▶ EXERCISE: Please give back, exactly as written, the lines from the line with "Dung Dịch Tẩy" to the line with "RUCK DRUCKSCHUTZ - Plugs" in the listing below, leaving out all pictures.

▶ DATA UNDER STUDY:

----

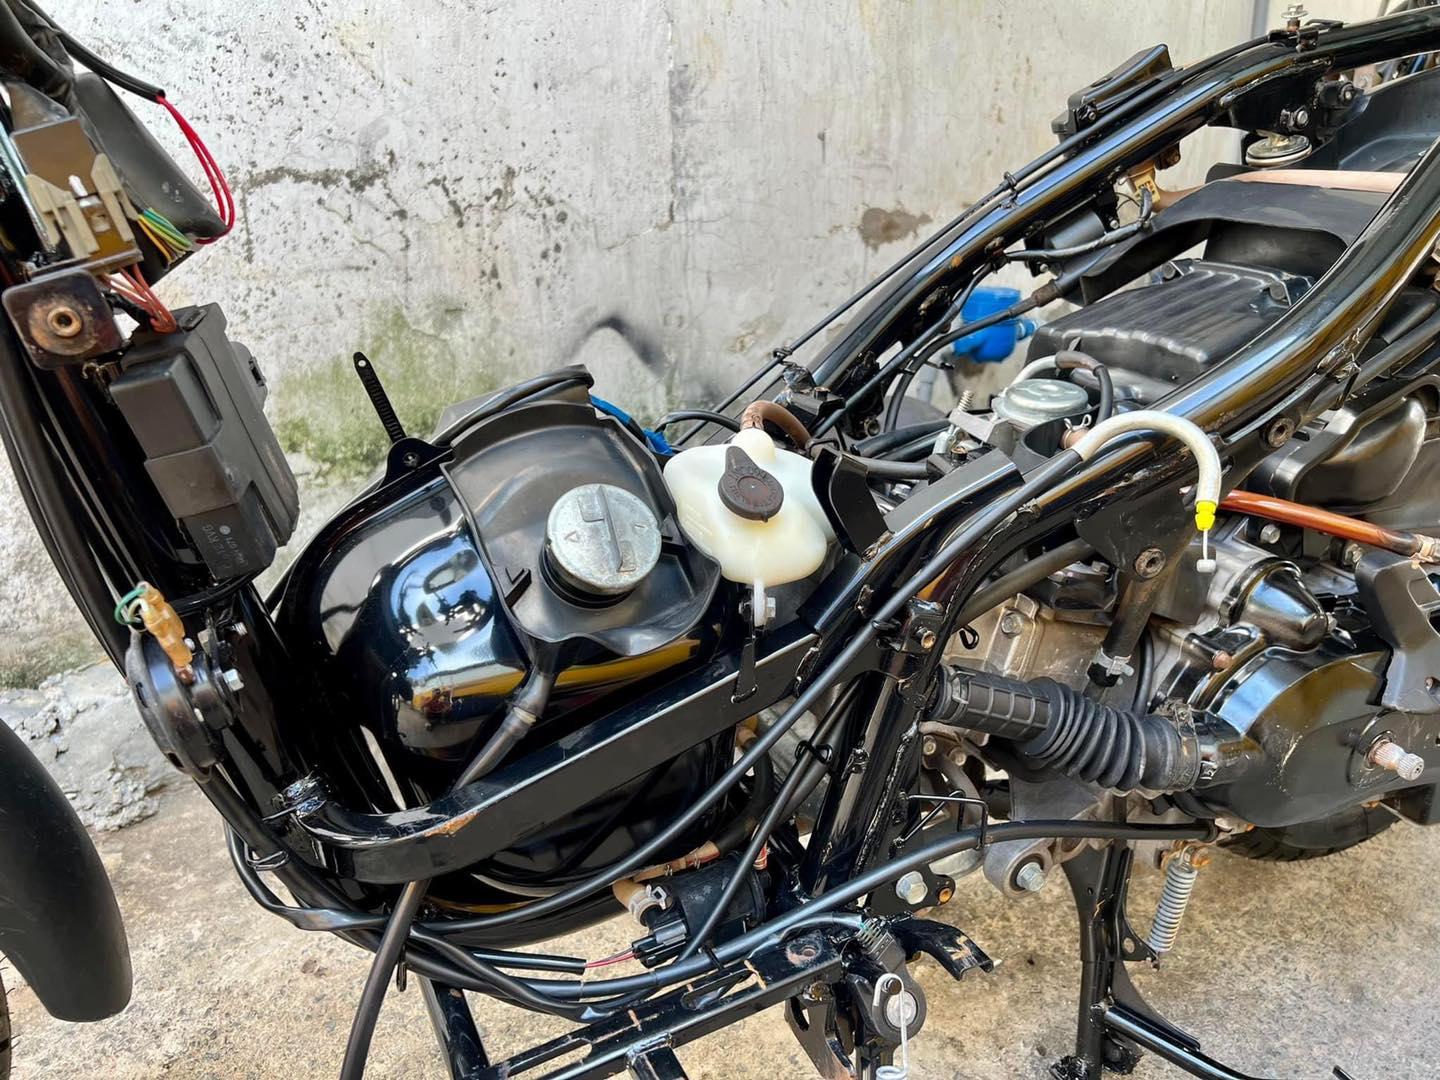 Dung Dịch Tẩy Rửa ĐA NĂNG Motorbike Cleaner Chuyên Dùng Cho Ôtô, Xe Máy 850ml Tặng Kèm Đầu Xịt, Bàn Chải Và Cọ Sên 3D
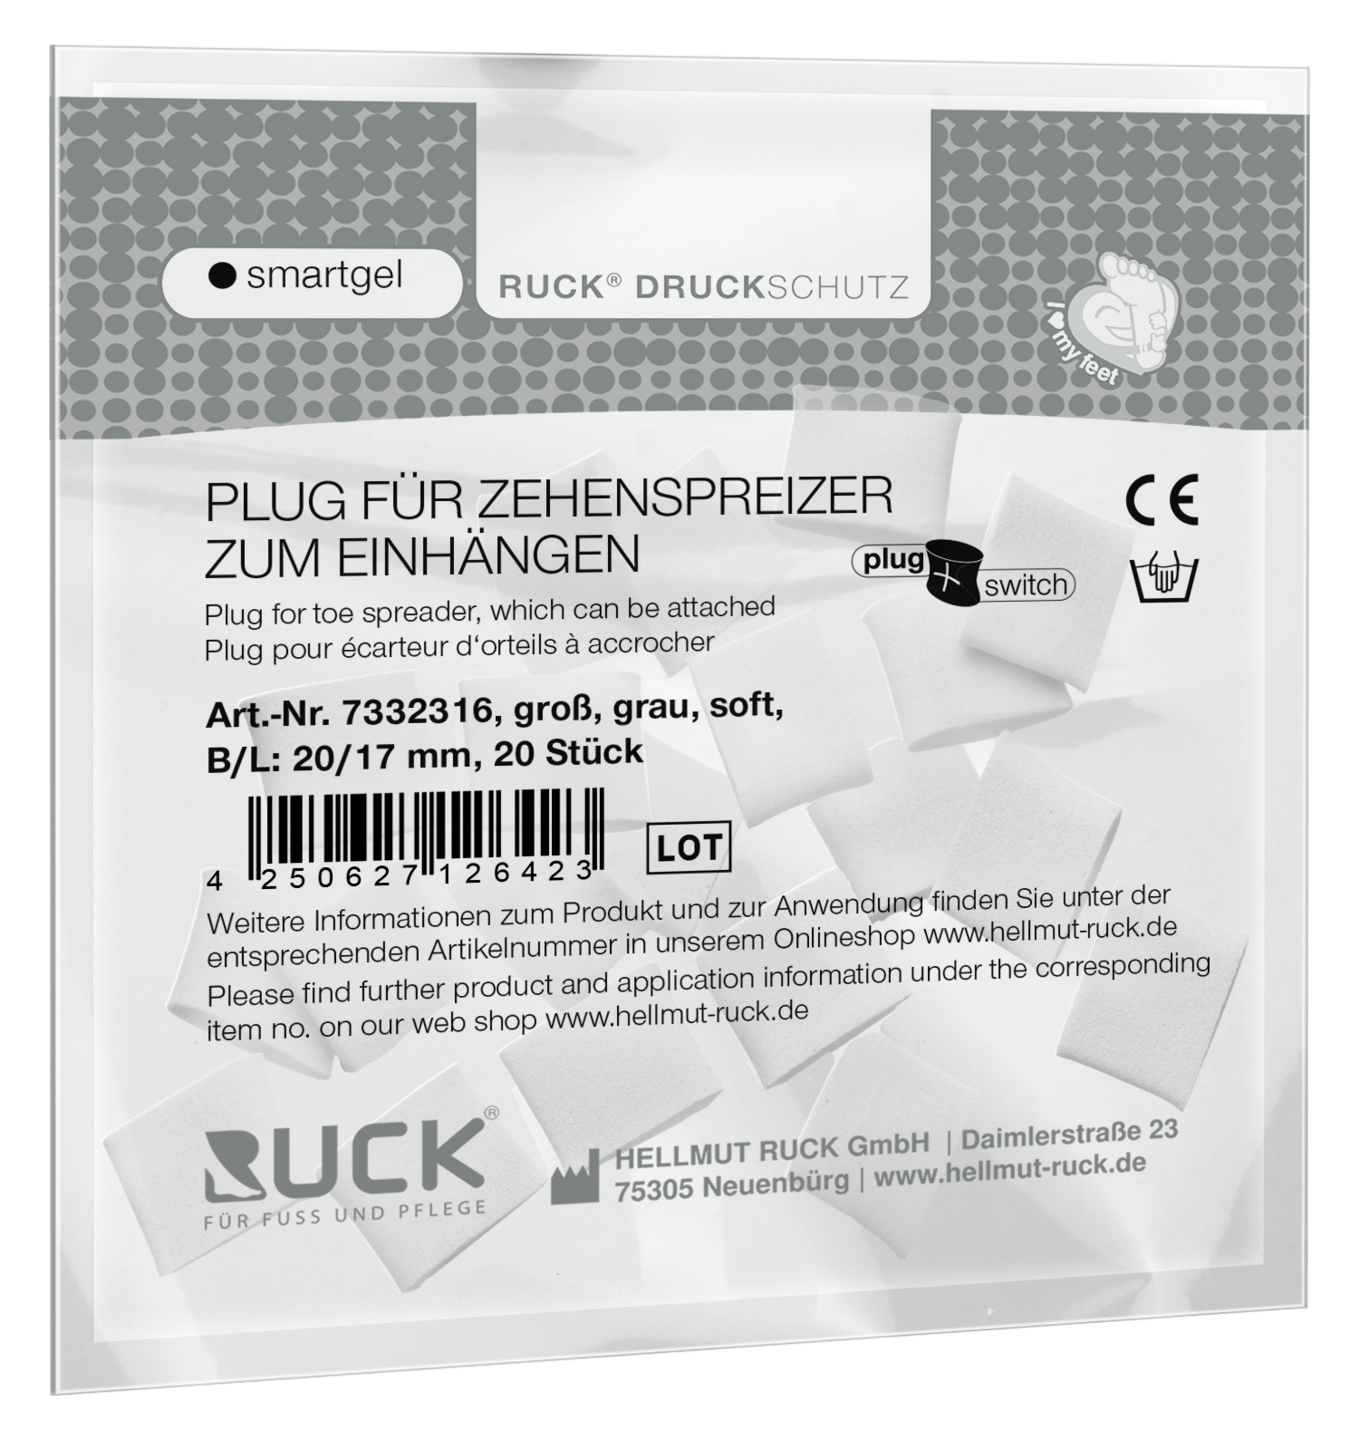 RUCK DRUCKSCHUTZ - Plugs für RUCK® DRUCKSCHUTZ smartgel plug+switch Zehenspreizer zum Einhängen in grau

----

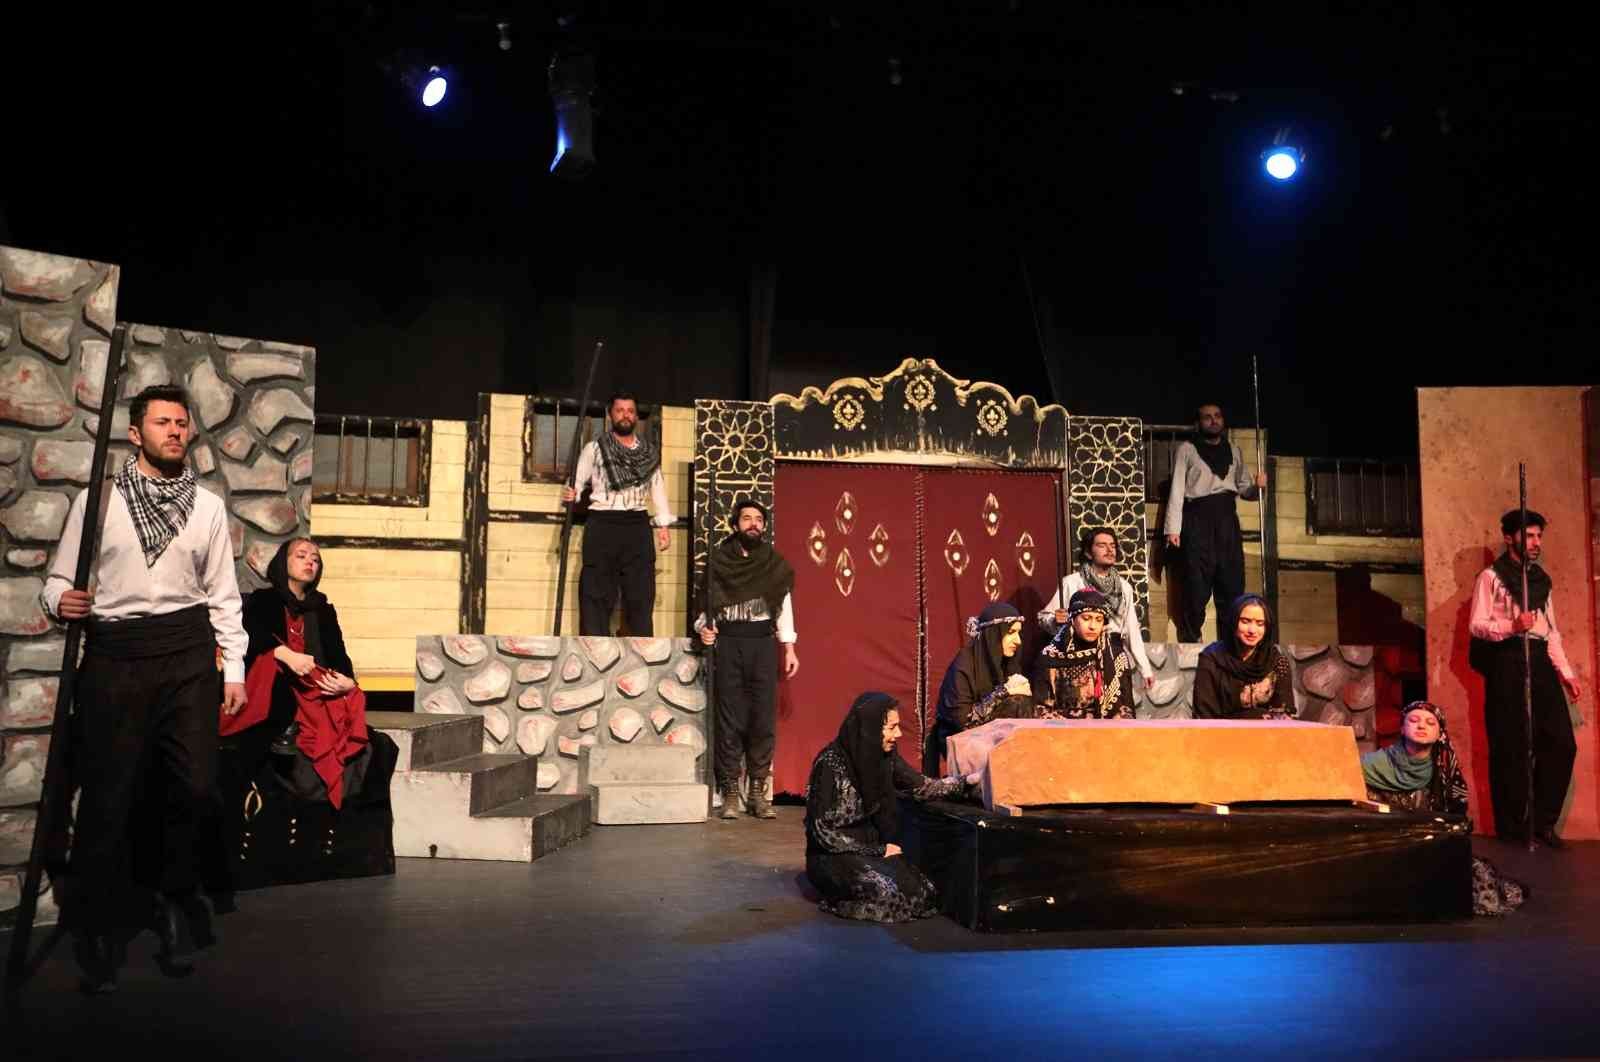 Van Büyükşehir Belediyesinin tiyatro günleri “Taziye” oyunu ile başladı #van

----

▶ SOLVED EXERCISE:
 Dung Dịch Tẩy Rửa ĐA NĂNG Motorbike Cleaner Chuyên Dùng Cho Ôtô, Xe Máy 850ml Tặng Kèm Đầu Xịt, Bàn Chải Và Cọ Sên 3D
 RUCK DRUCKSCHUTZ - Plugs für RUCK® DRUCKSCHUTZ smartgel plug+switch Zehenspreizer zum Einhängen in grau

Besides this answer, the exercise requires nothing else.